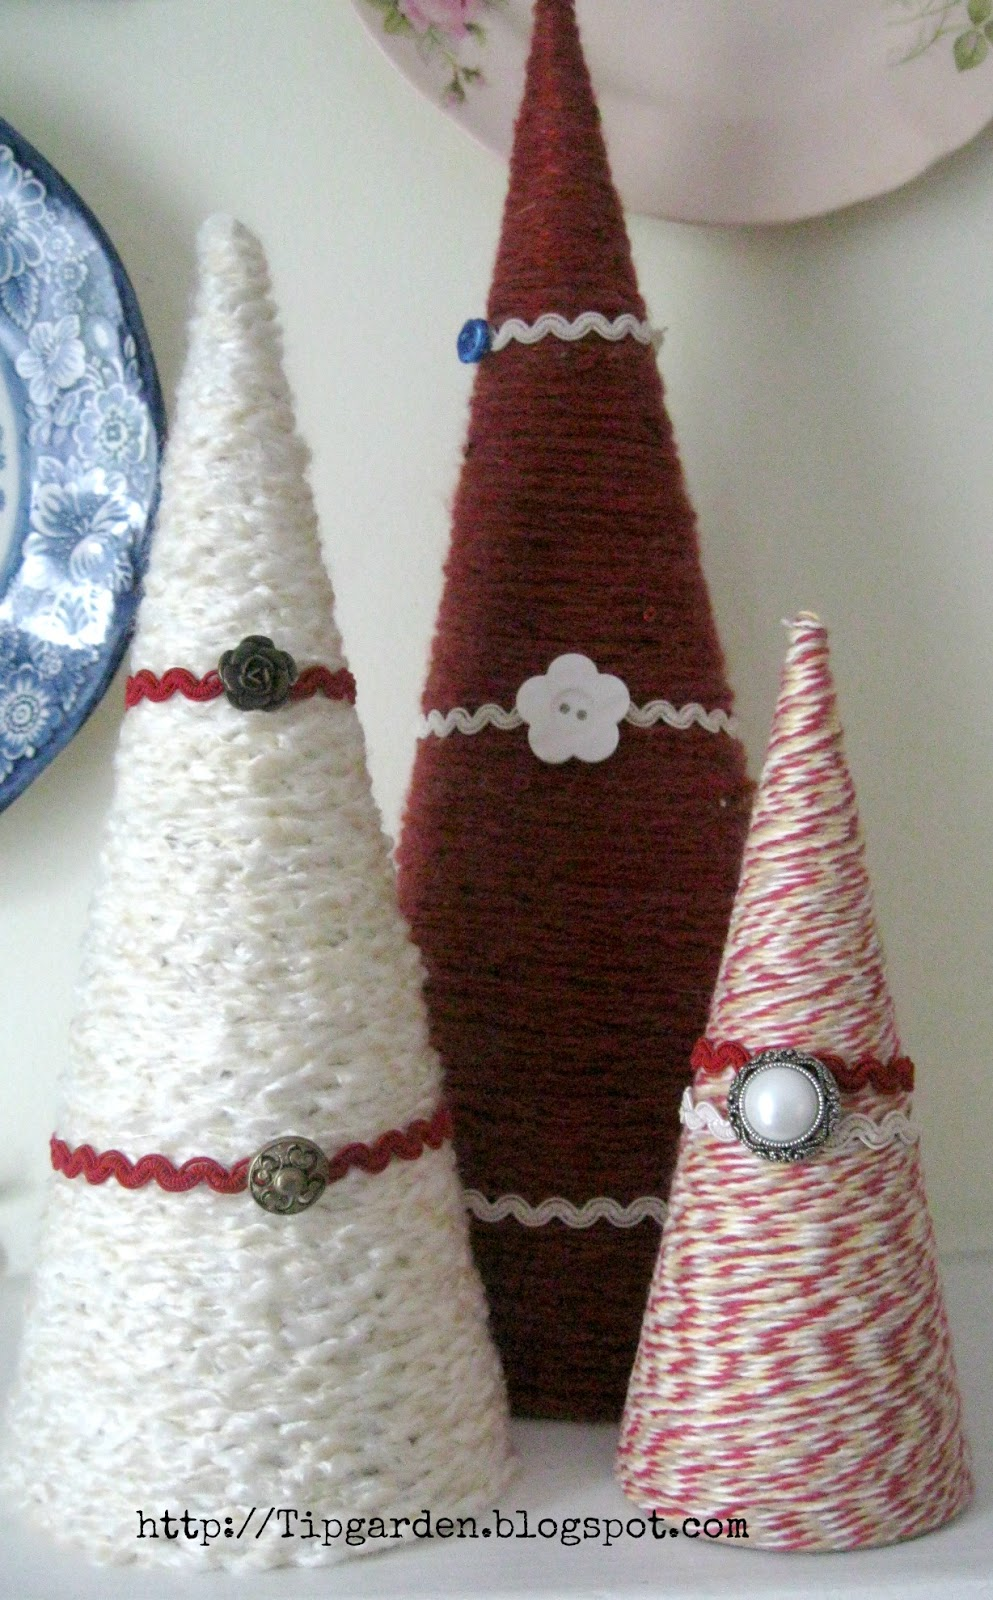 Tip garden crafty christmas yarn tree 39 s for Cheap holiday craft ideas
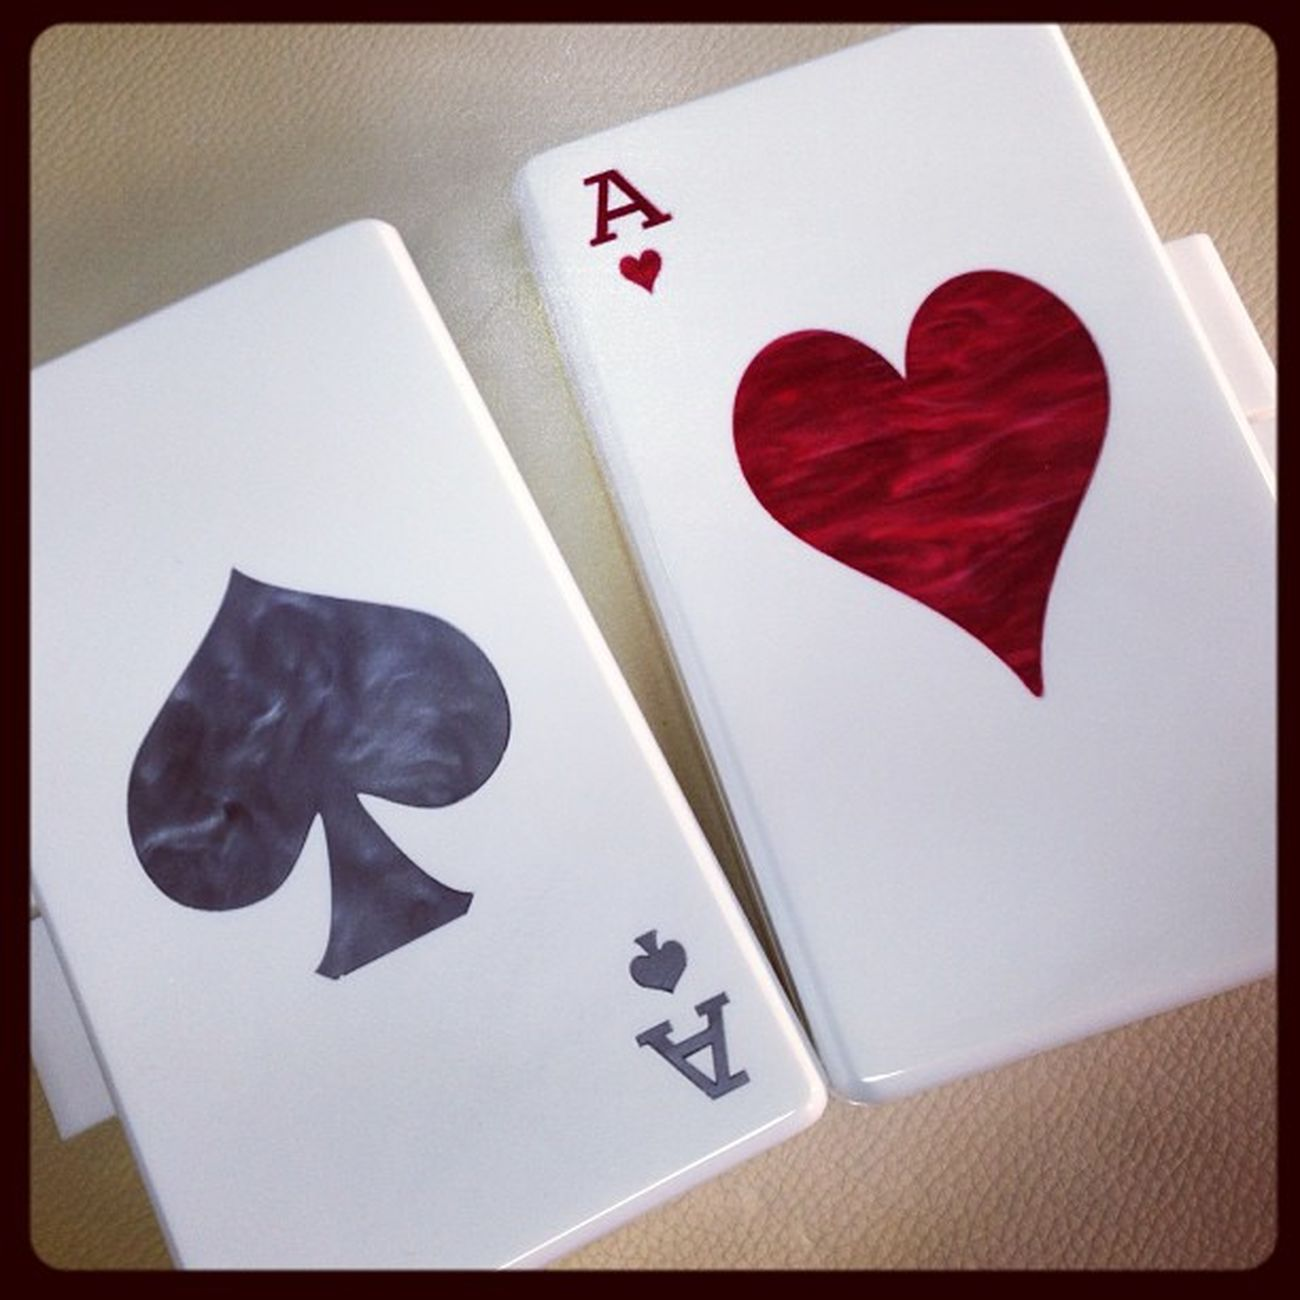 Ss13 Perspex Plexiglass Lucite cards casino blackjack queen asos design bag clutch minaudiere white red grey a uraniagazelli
- - - - - - -
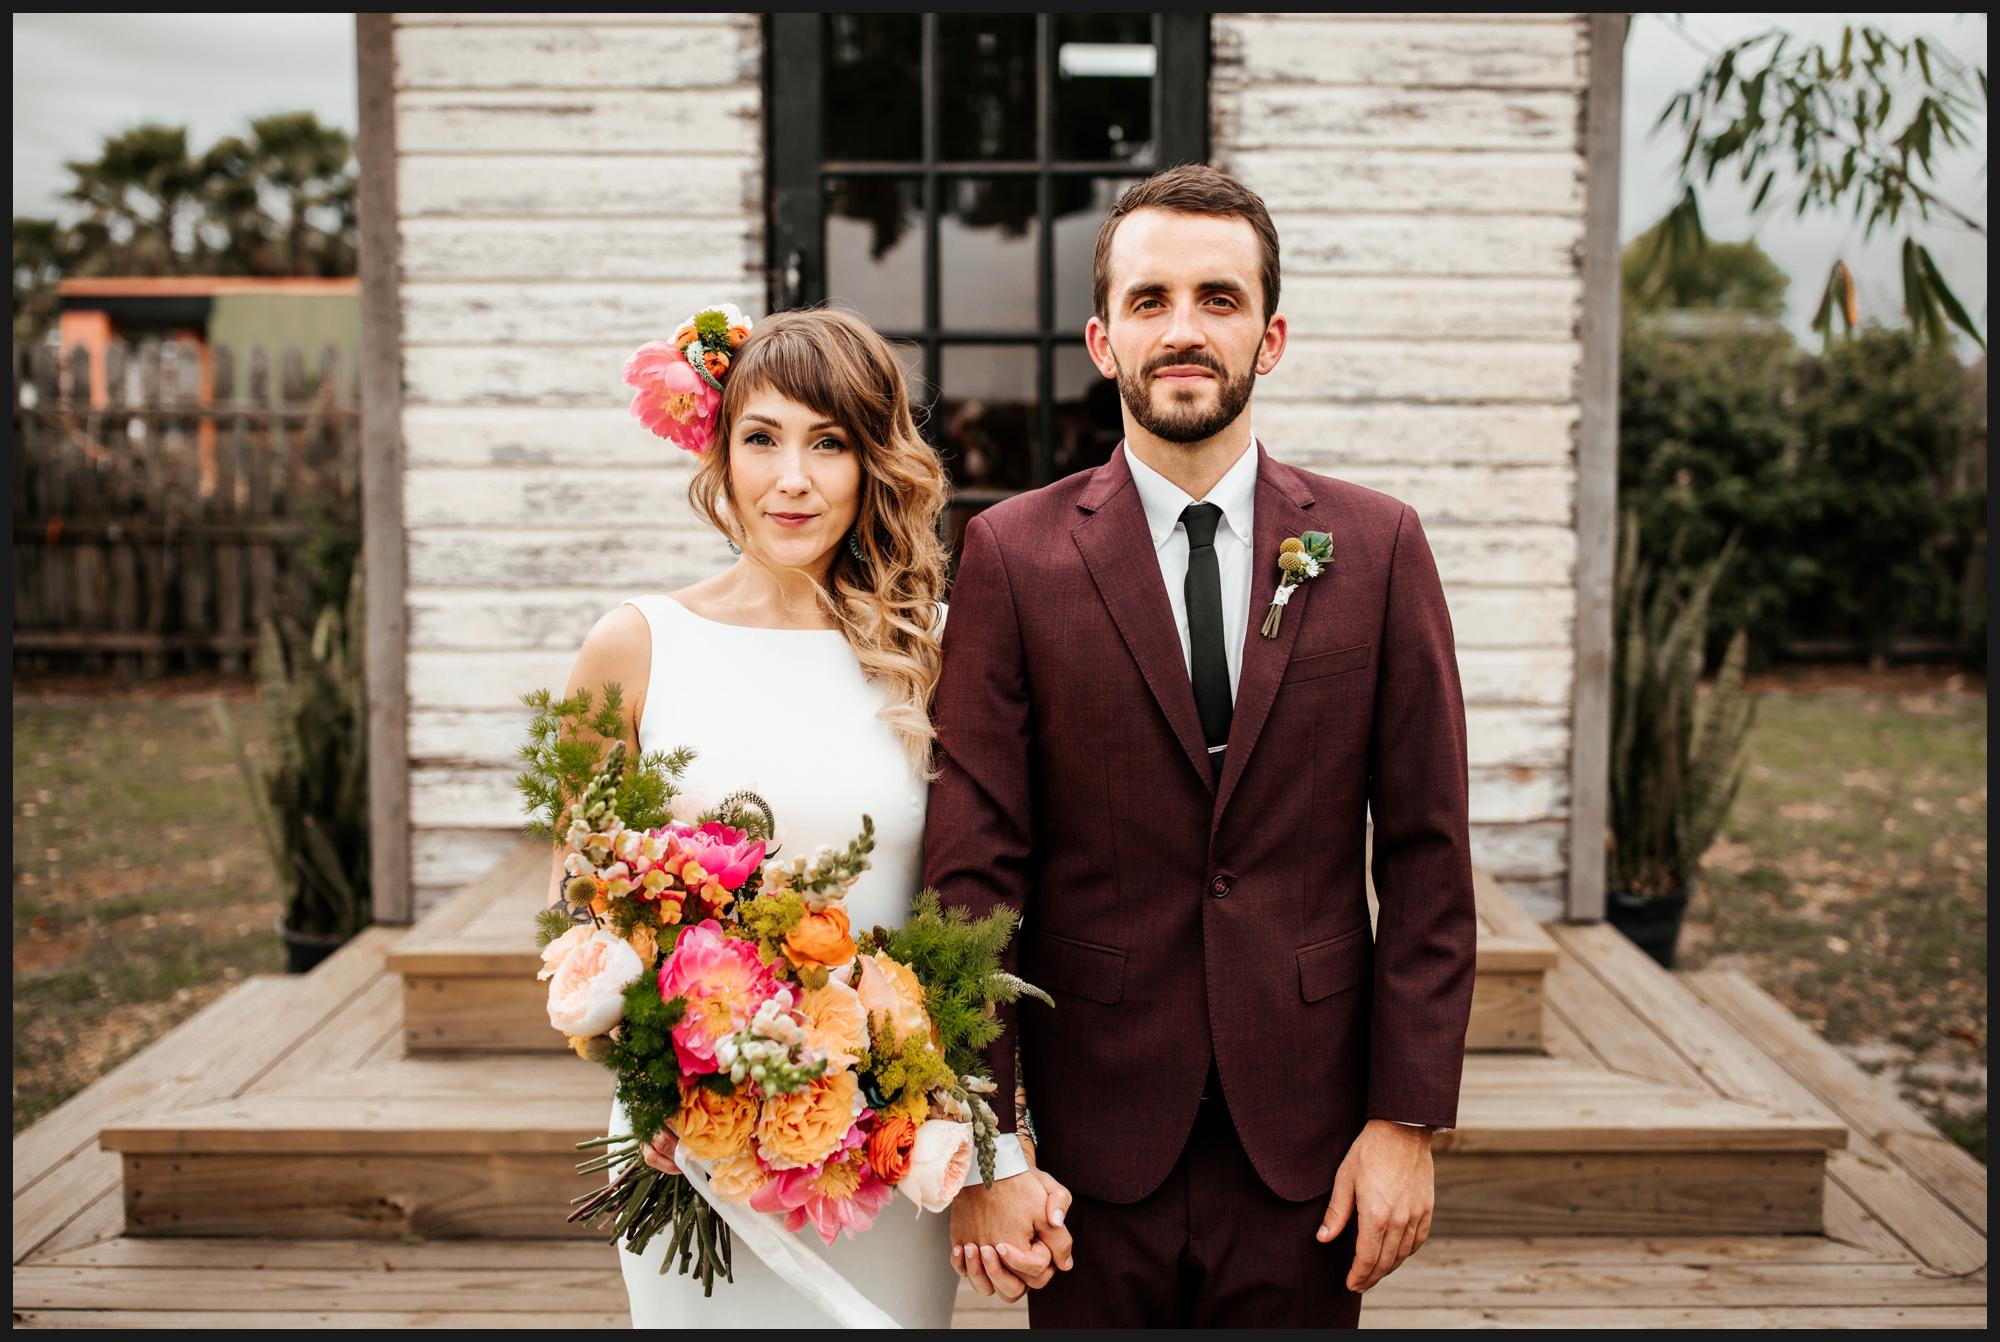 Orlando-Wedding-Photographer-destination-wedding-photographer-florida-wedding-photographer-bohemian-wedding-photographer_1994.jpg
- - - - - - -
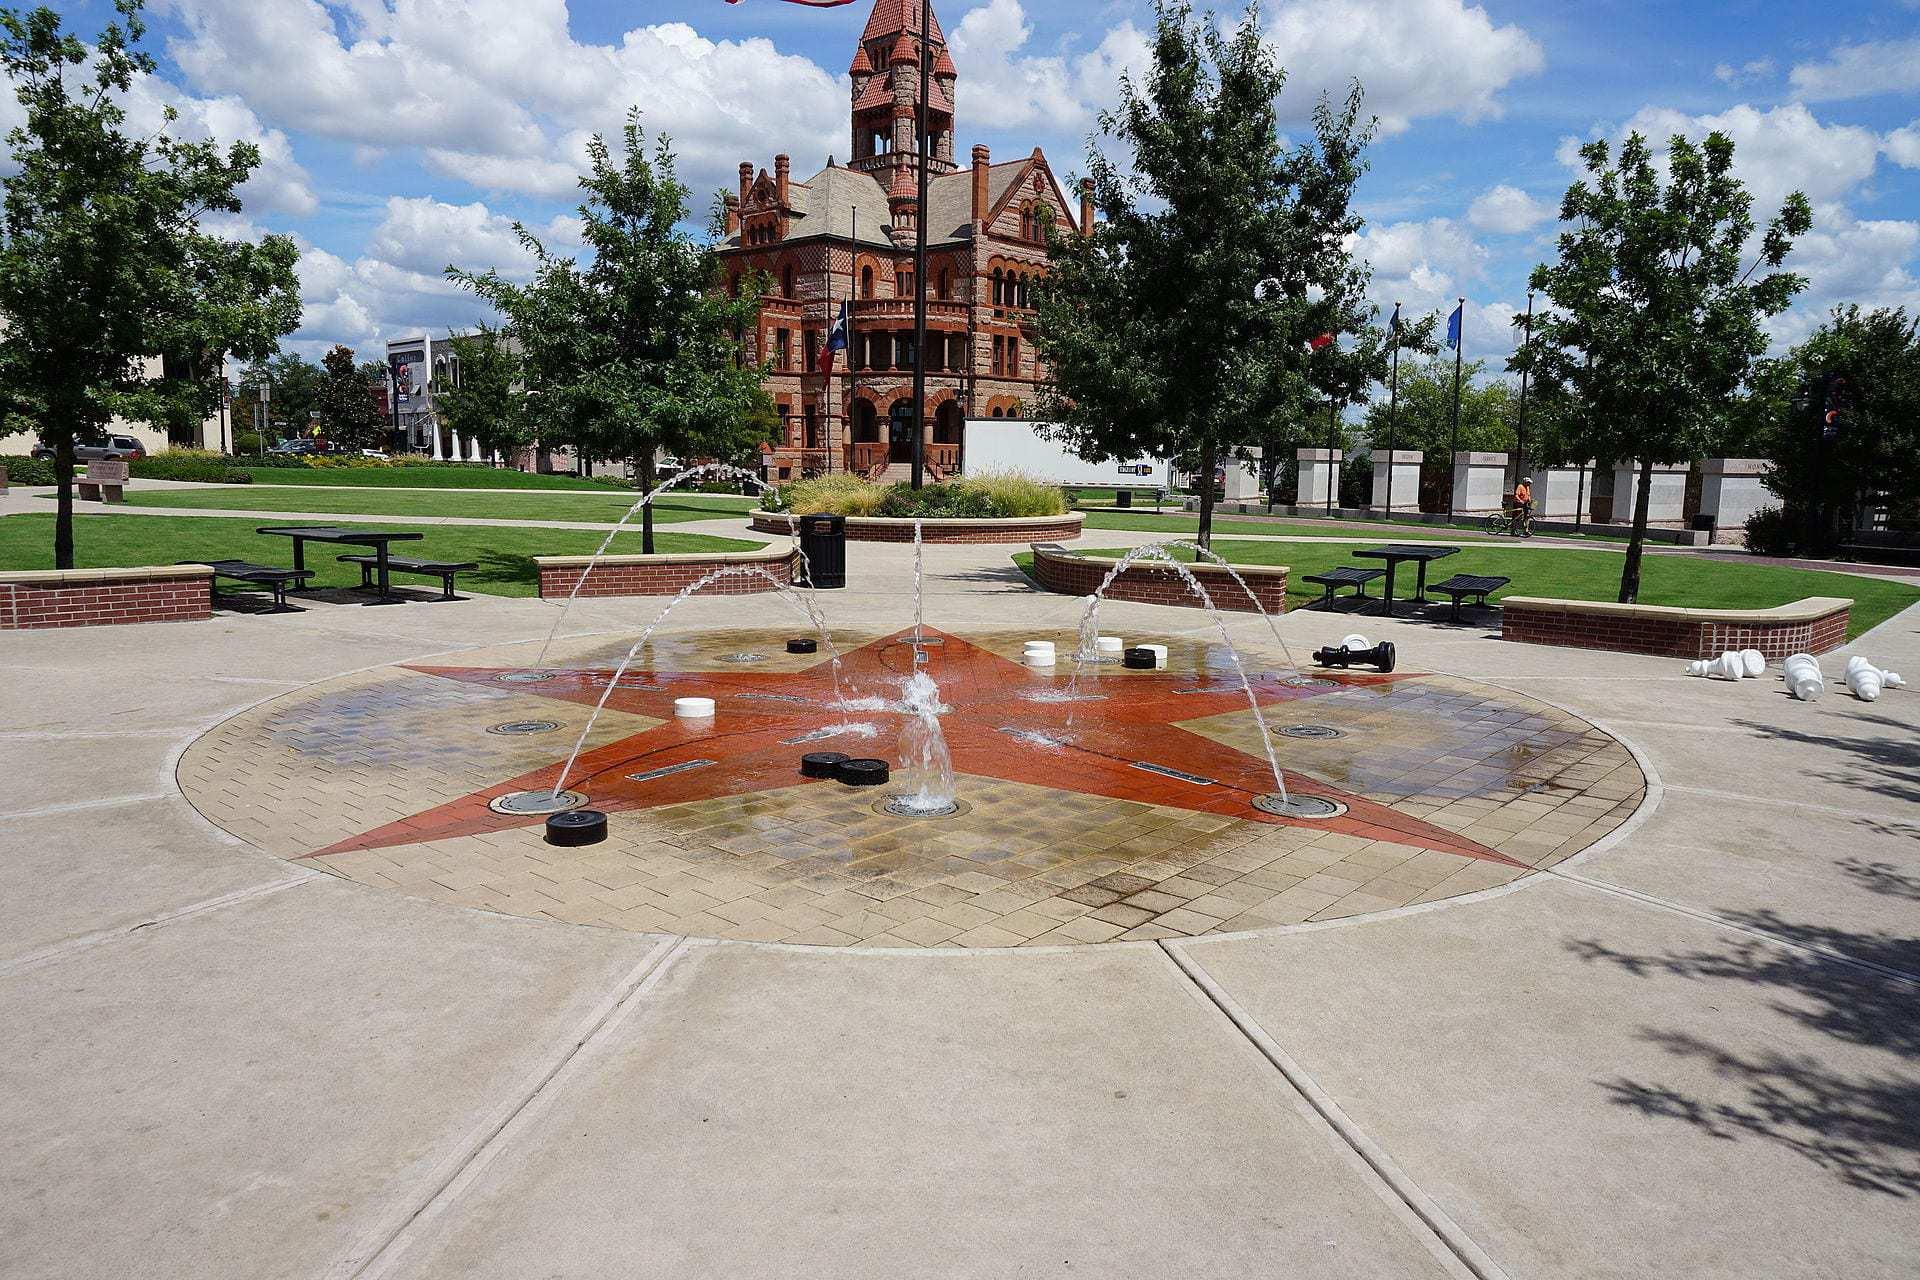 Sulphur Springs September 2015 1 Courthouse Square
- - - - - - -
• **WORK TO BE COMPLETED**:
Using the data above, which lines fall from the one with "Tip garden crafty" through the one with "Ss13 Perspex Plexiglass"? Repeat them exactly, ends included, minus any pictures.

• **EXERCISE OUTPUT**:
 Tip garden crafty christmas yarn tree 39 s for Cheap holiday craft ideas
 Ss13 Perspex Plexiglass Lucite cards casino blackjack queen asos design bag clutch minaudiere white red grey a uraniagazelli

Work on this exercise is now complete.